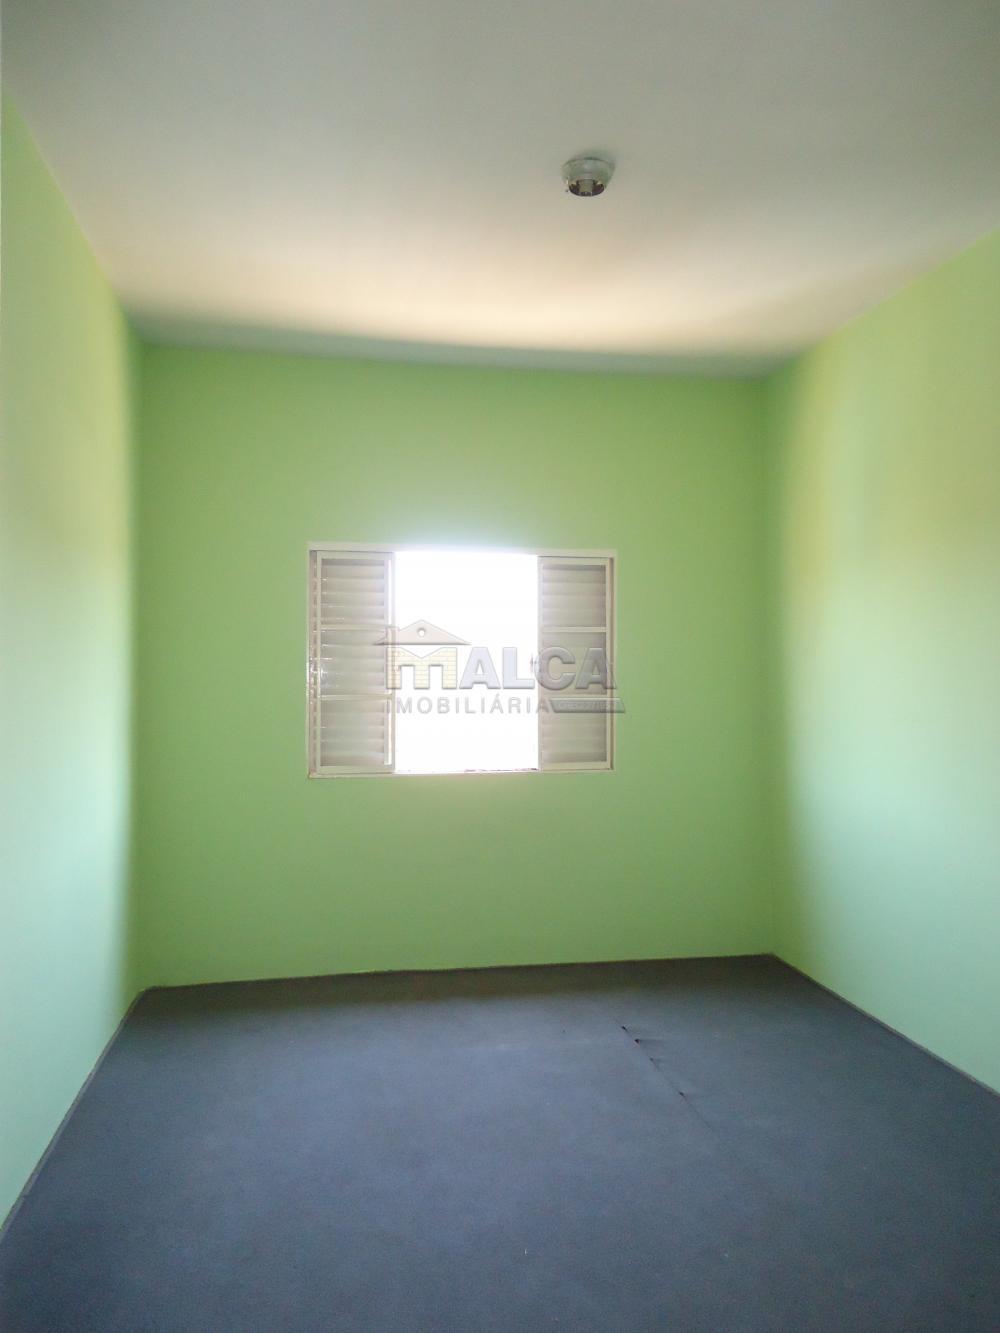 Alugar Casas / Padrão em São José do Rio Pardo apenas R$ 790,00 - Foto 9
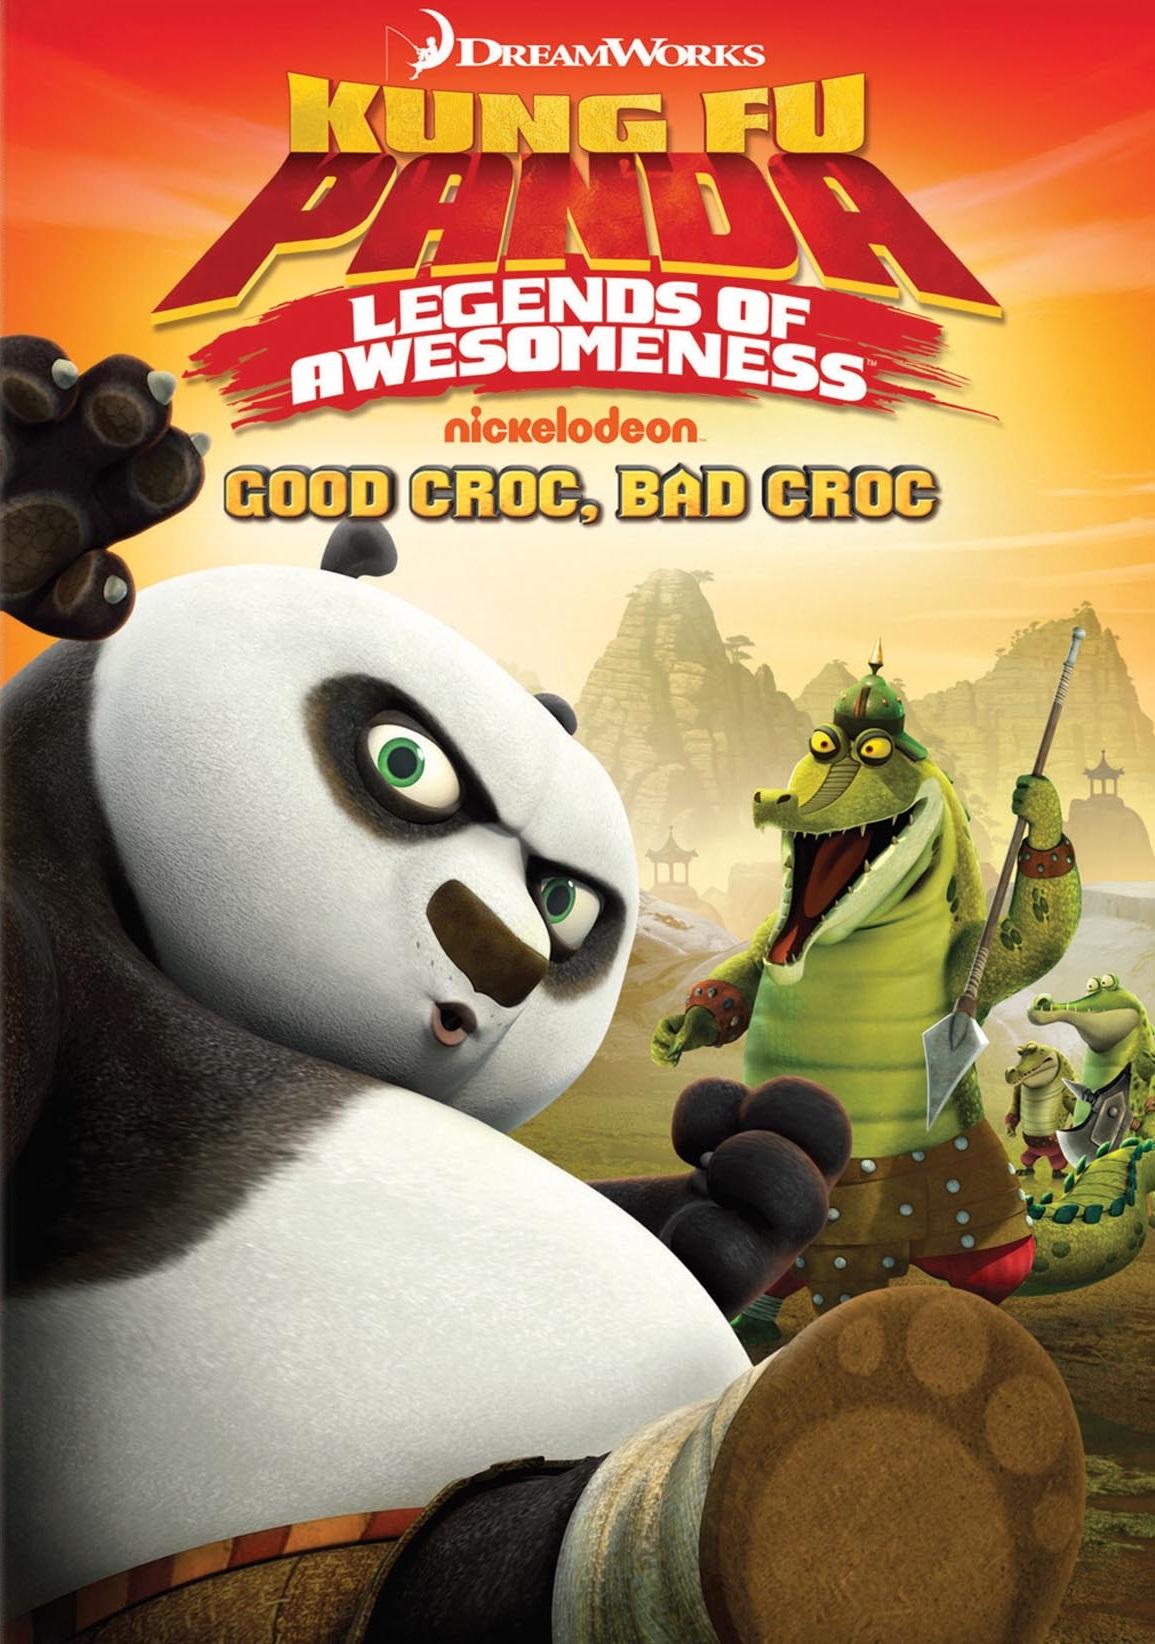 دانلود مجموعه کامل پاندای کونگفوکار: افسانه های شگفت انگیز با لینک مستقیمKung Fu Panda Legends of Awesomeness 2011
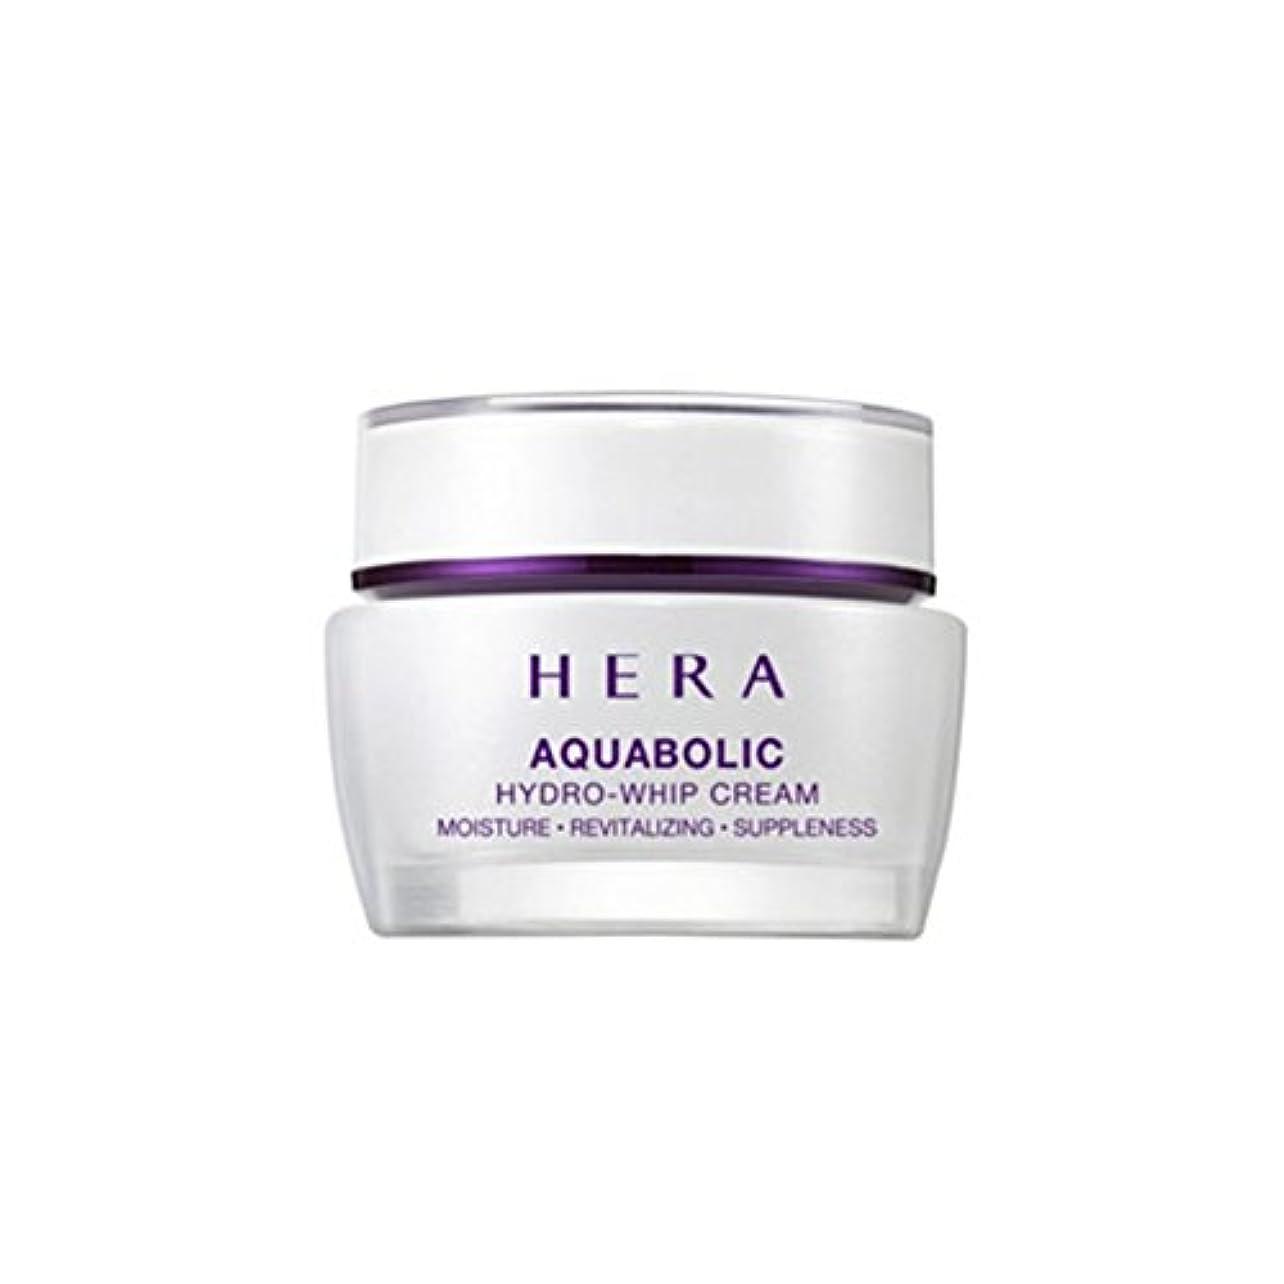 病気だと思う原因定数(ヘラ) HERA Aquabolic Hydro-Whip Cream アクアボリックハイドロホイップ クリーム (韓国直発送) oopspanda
...
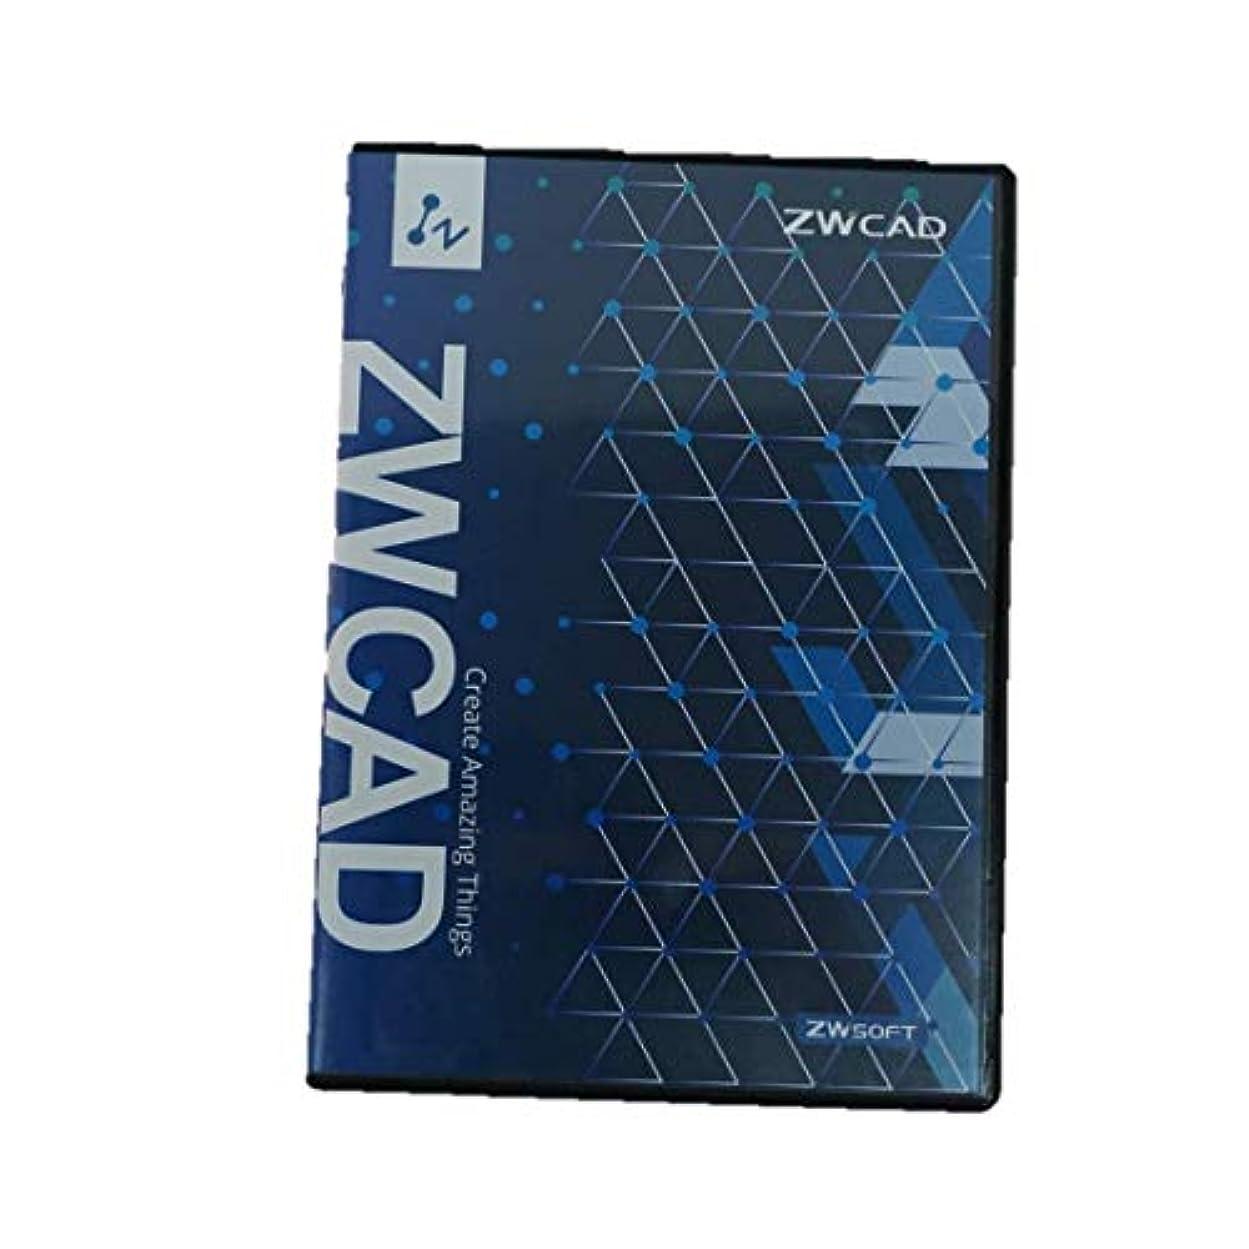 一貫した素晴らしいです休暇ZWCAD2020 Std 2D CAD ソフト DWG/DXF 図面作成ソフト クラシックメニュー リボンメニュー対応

Goal of the exercise: Copy word for word the span of the records above that begins at the line with "Alugar Casas /" and ends at the line with "病気だと思う原因定数(ヘラ) HERA Aquabolic", including those two lines but not the pictures.

Answer to this problem:
 Alugar Casas / Padrão em São José do Rio Pardo apenas R$ 790,00 - Foto 9
 دانلود مجموعه کامل پاندای کونگفوکار: افسانه های شگفت انگیز با لینک مستقیمKung Fu Panda Legends of Awesomeness 2011
 病気だと思う原因定数(ヘラ) HERA Aquabolic Hydro-Whip Cream アクアボリックハイドロホイップ クリーム (韓国直発送) oopspanda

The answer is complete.